**What you will do:** Print the data exactly. Omit the pictures.

**Data below:**
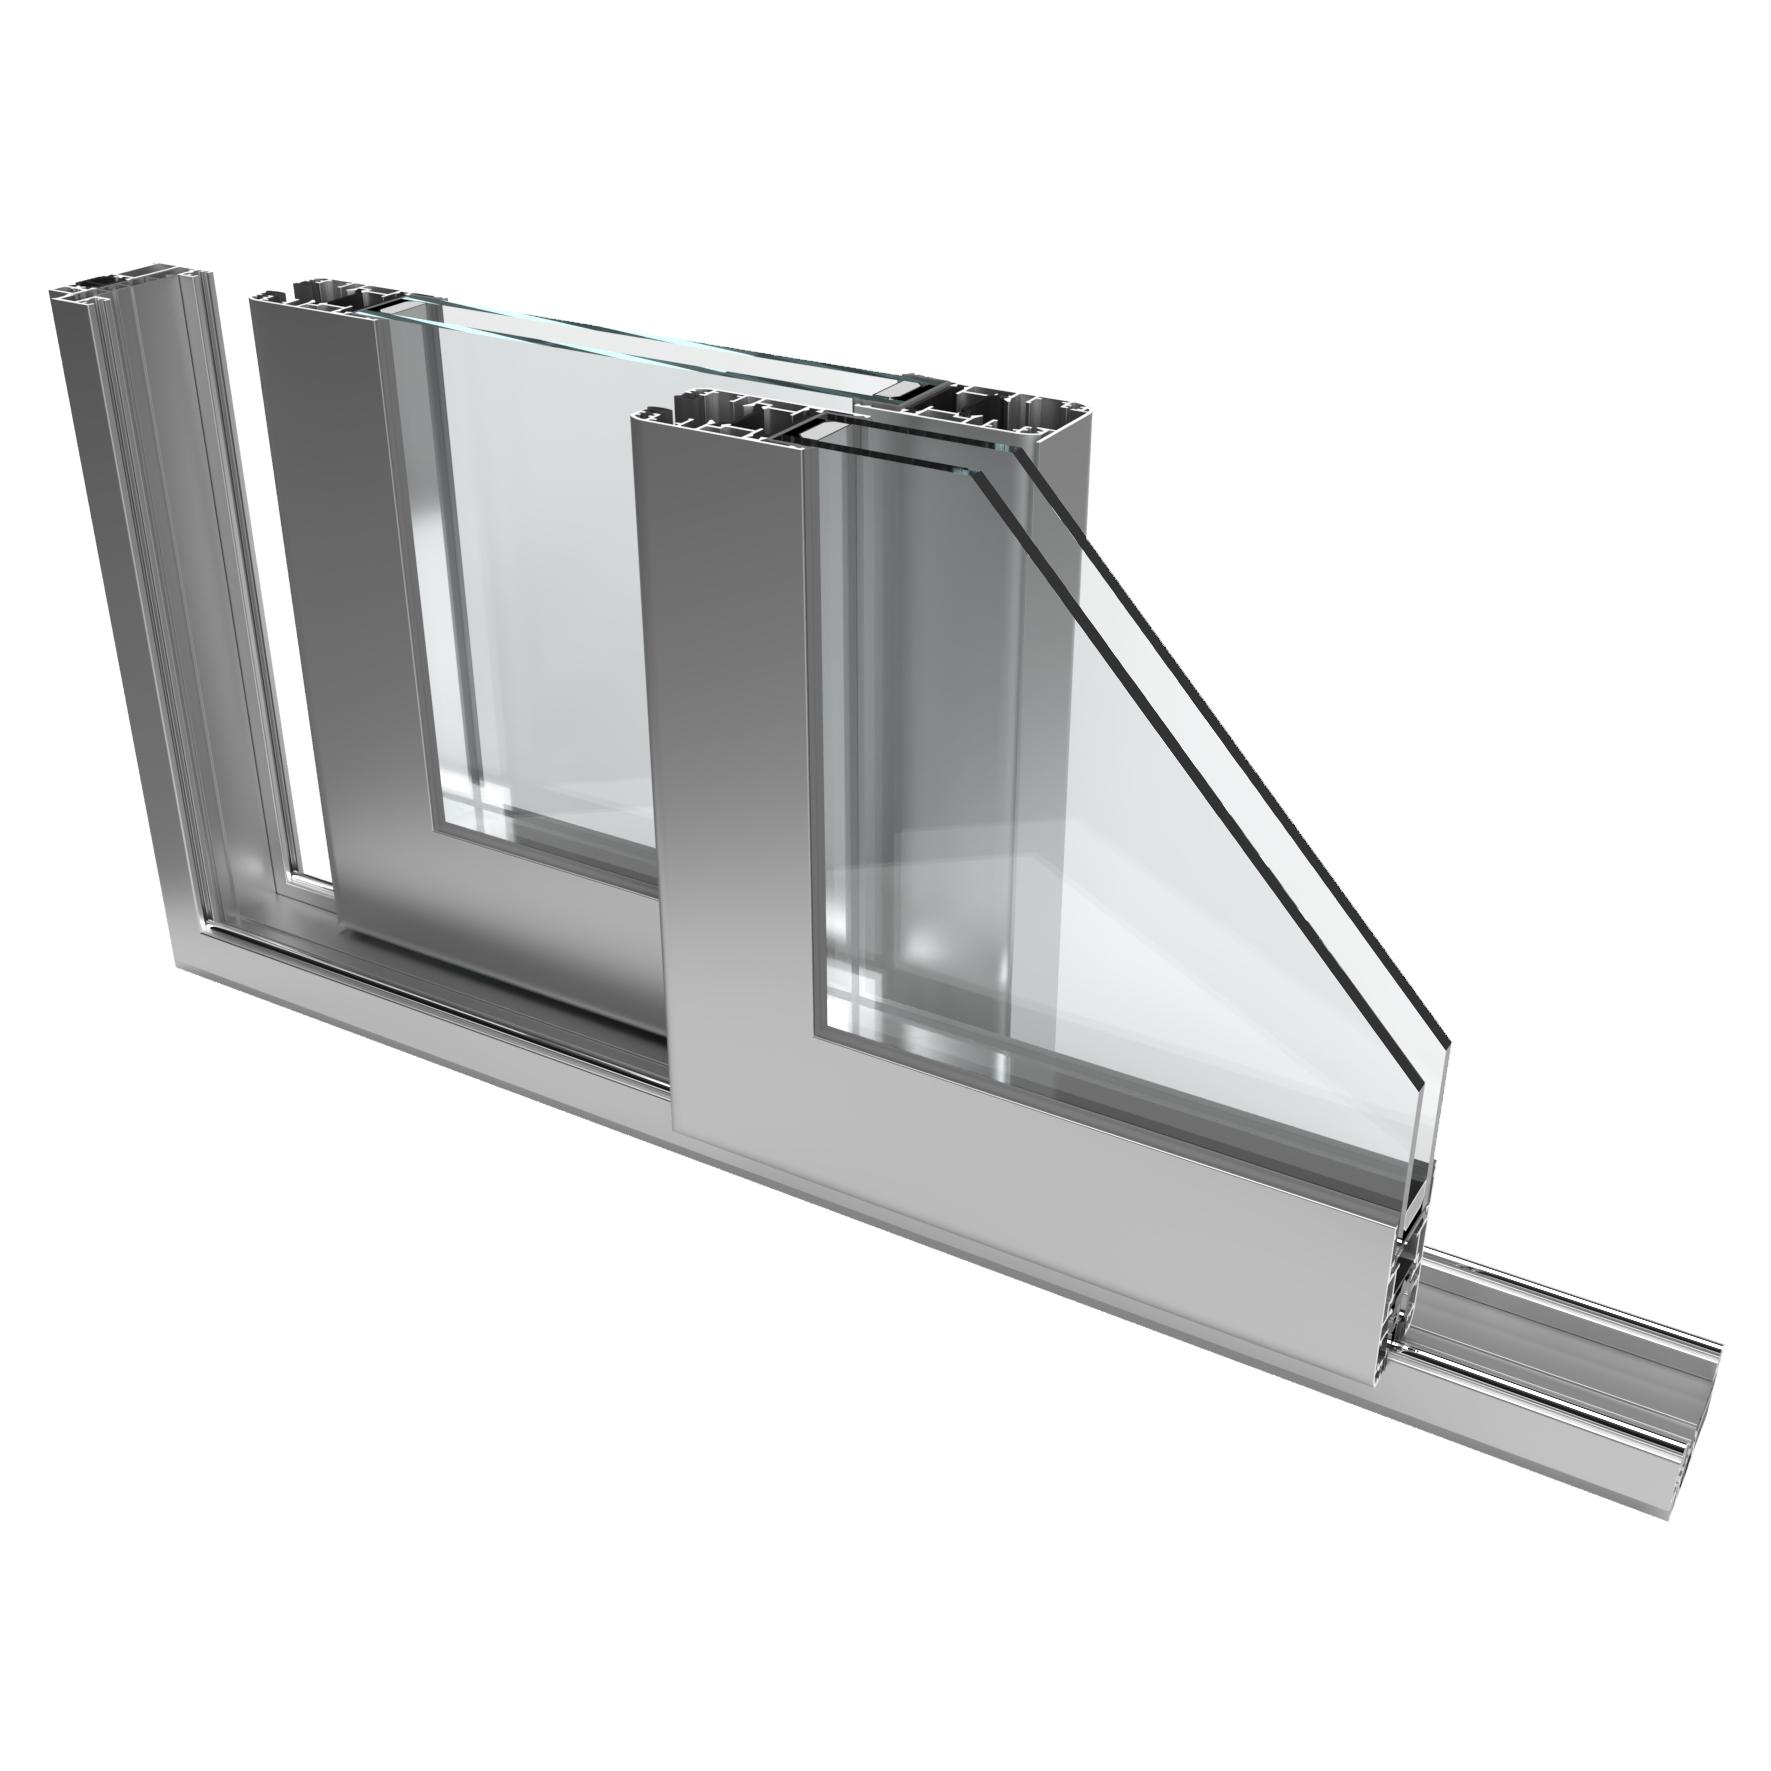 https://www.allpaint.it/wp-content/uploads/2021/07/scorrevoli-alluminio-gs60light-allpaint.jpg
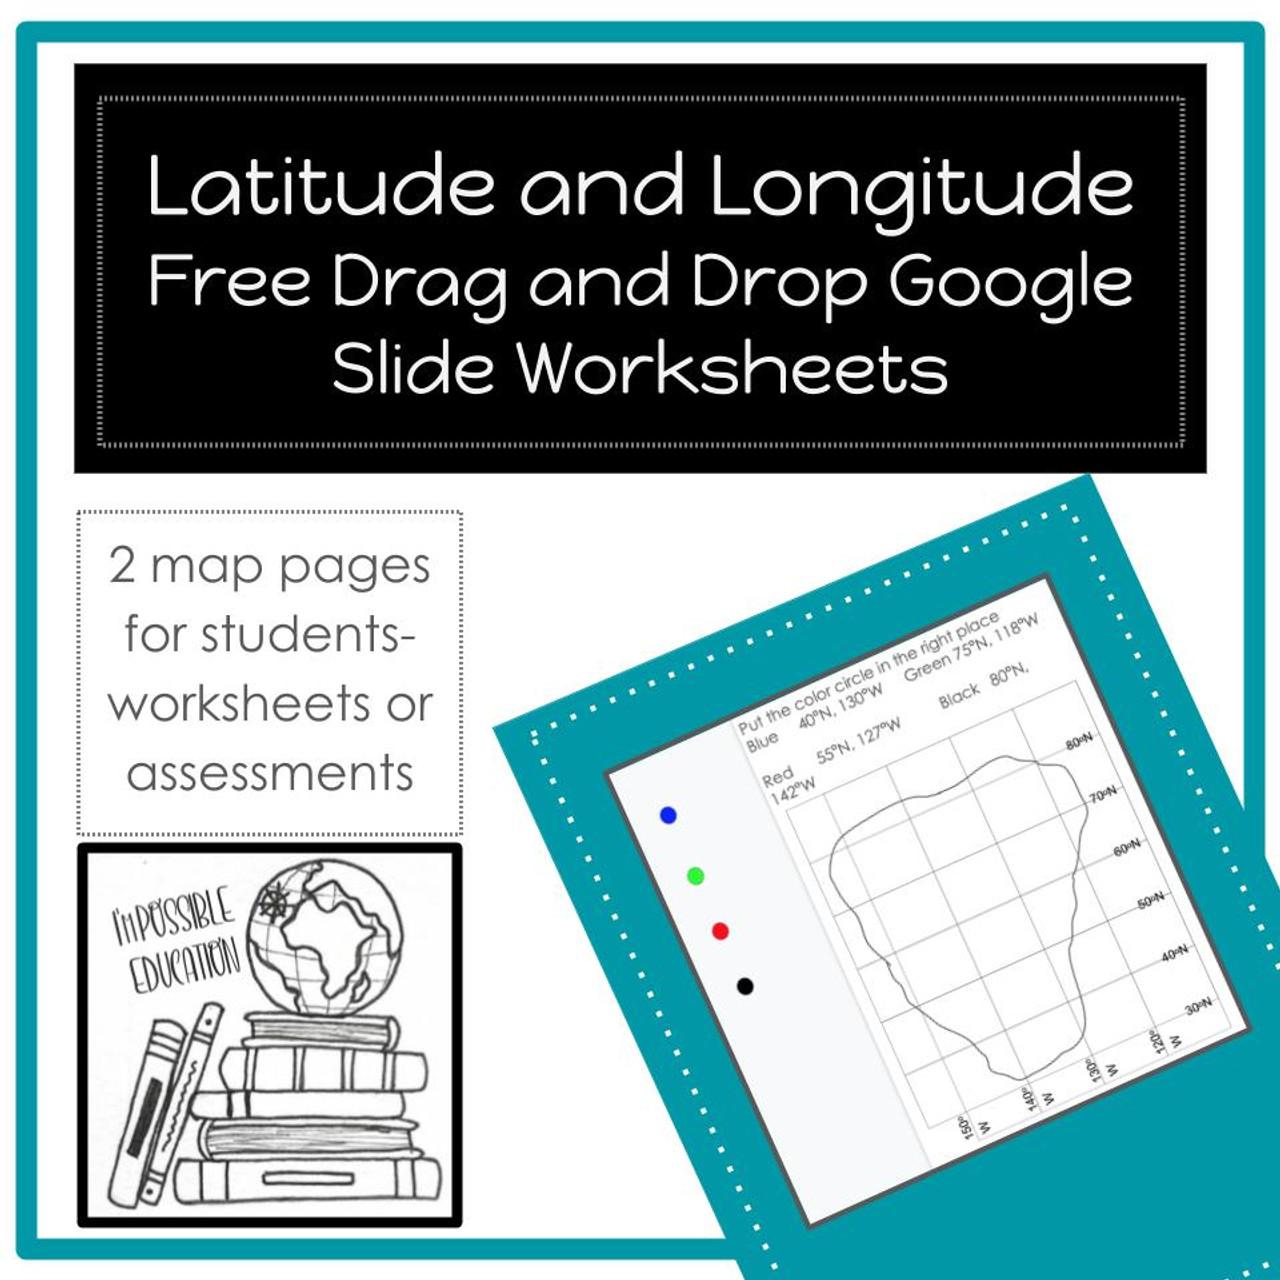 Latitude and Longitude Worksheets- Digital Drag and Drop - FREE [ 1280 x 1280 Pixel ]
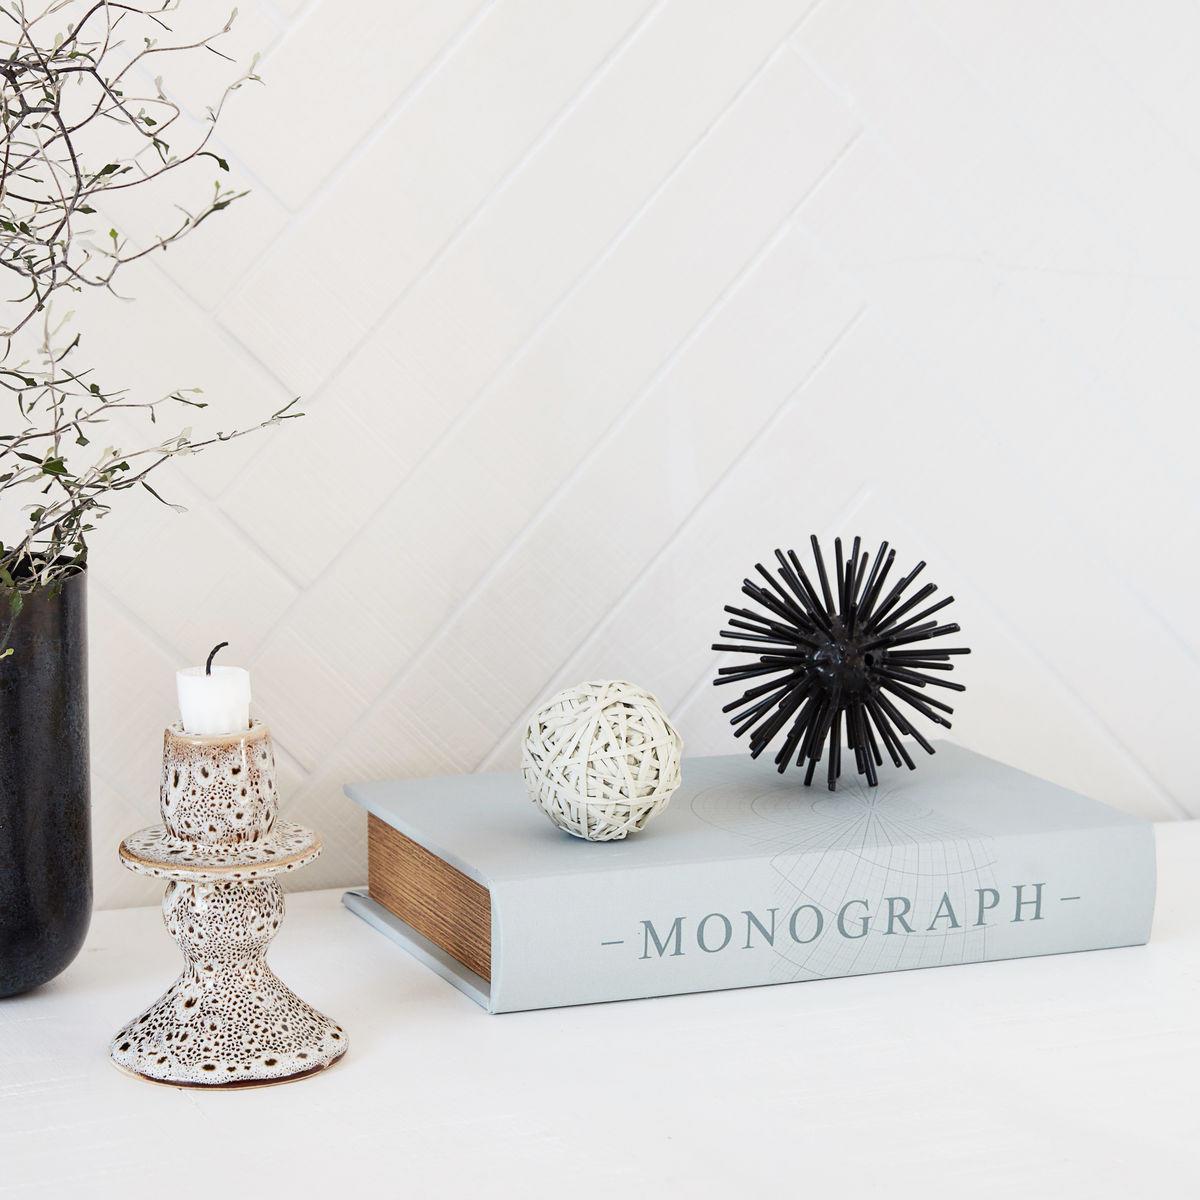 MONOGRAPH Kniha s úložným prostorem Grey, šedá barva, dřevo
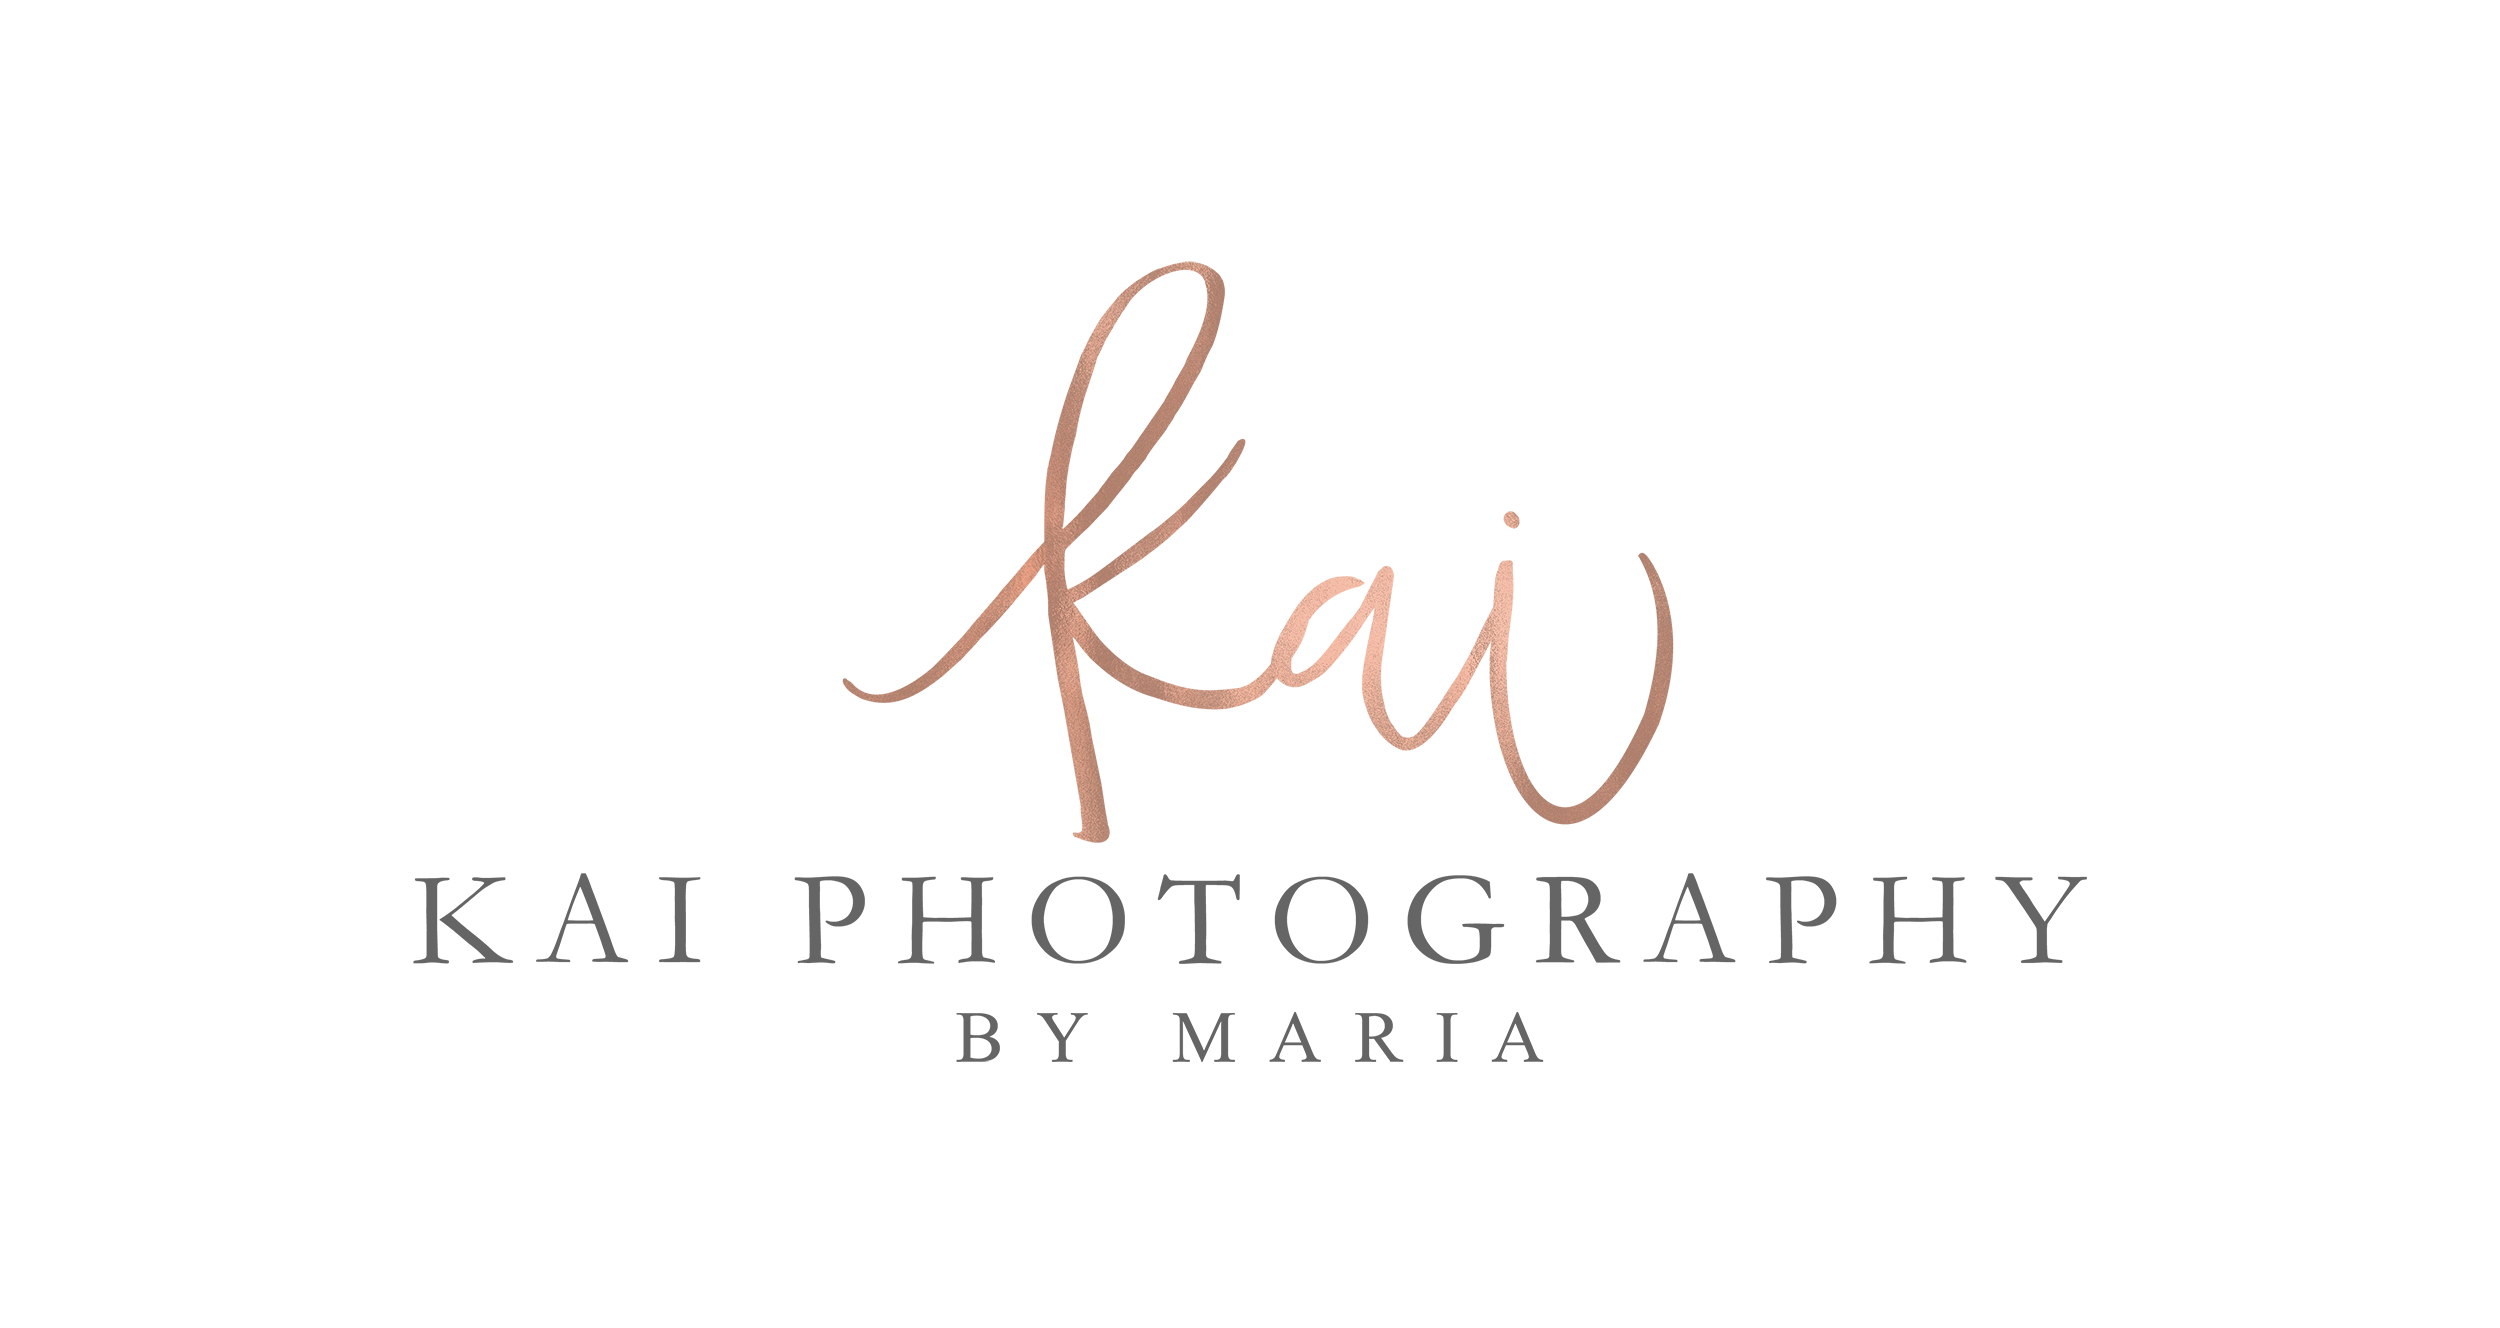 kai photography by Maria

**Solution below:**
 https://www.allpaint.it/wp-content/uploads/2021/07/scorrevoli-alluminio-gs60light-allpaint.jpg
 Latitude and Longitude Worksheets- Digital Drag and Drop - FREE [ 1280 x 1280 Pixel ]
 MONOGRAPH Kniha s úložným prostorem Grey, šedá barva, dřevo
 kai photography by Maria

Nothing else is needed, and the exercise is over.